To test this out, we will truncate the public.delivery_7_days table in Postgres first, and then try run again.

docker exec marquez-db psql -Upostgres -d food_delivery -c 'TRUNCATE public.delivery_7_days'
./run.sh
#input class MyAdvancedMetadataSourceJavaPlanRun or MyAdvancedMetadataSourcePlanRun
docker exec marquez-db psql -Upostgres -d food_delivery -c 'SELECT * FROM public.delivery_7_days'
 order_id |     order_placed_on     |   order_dispatched_on   |   order_delivered_on    |        customer_email        |
       customer_address                     | menu_id | restaurant_id |                   restaurant_address                   | menu
_item_id | category_id | discount_id | city_id | driver_id
----------+-------------------------+-------------------------+-------------------------+------------------------------+-------------
--------------------------------------------+---------+---------------+--------------------------------------------------------+-----
---------+-------------+-------------+---------+-----------
    53333 | 2022-10-15 08:40:23.394 | 2023-01-23 09:42:48.397 | 2023-08-12 08:50:52.397 | normand.aufderhar@gmail.com  | Apt. 036 449
27 Wilderman Forge, Marvinchester, CT 15952 |   40412 |         70130 | Suite 146 98176 Schaden Village, Grahammouth, SD 12354 |
   90141 |       44210 |       83966 |   78614 |     77449

Let's grab the first email from the Postgres table and check whether the same record exists in the CSV file.

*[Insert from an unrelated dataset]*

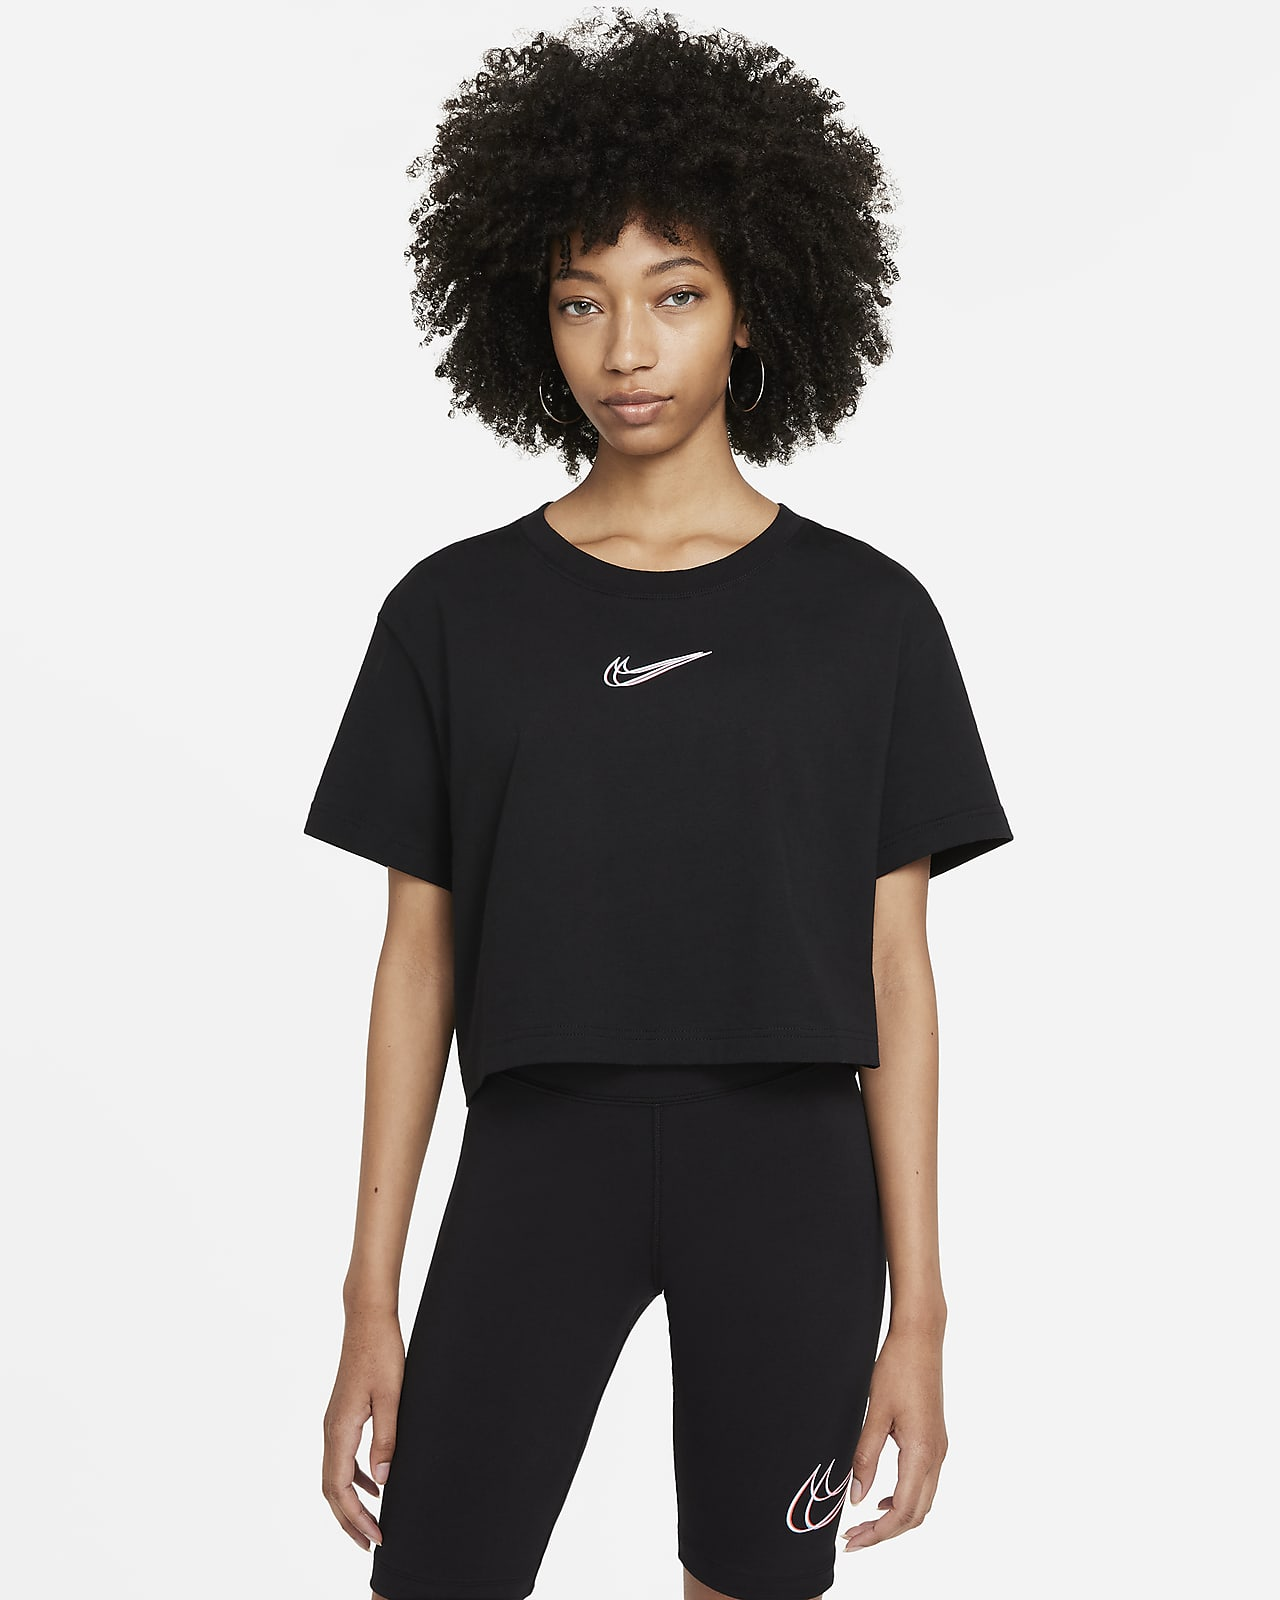 Damski T-shirt do tańca o krótkim kroju Nike Sportswear

$ cat docker/sample/csv/part-0000* | grep normand.aufderhar
90141,44210,83966,78614,77449,53333,2022-10-15T08:40:23.394+08:00,2023-01-23T09:42:48.397+08:00,2023-08-12T08:50:52.397+08:00,normand.aufderhar@gmail.com,"Apt. 036 44927 Wilderman Forge, Marvinchester, CT 15952",40412,70130,"Suite 146 98176 Schaden Village, Grahammouth, SD 12354"

Great! Now we have the ability to get schema information from an external source, add our own foreign keys and generate data.

Check out the full example under AdvancedMetadataSourcePlanRun in the example repo.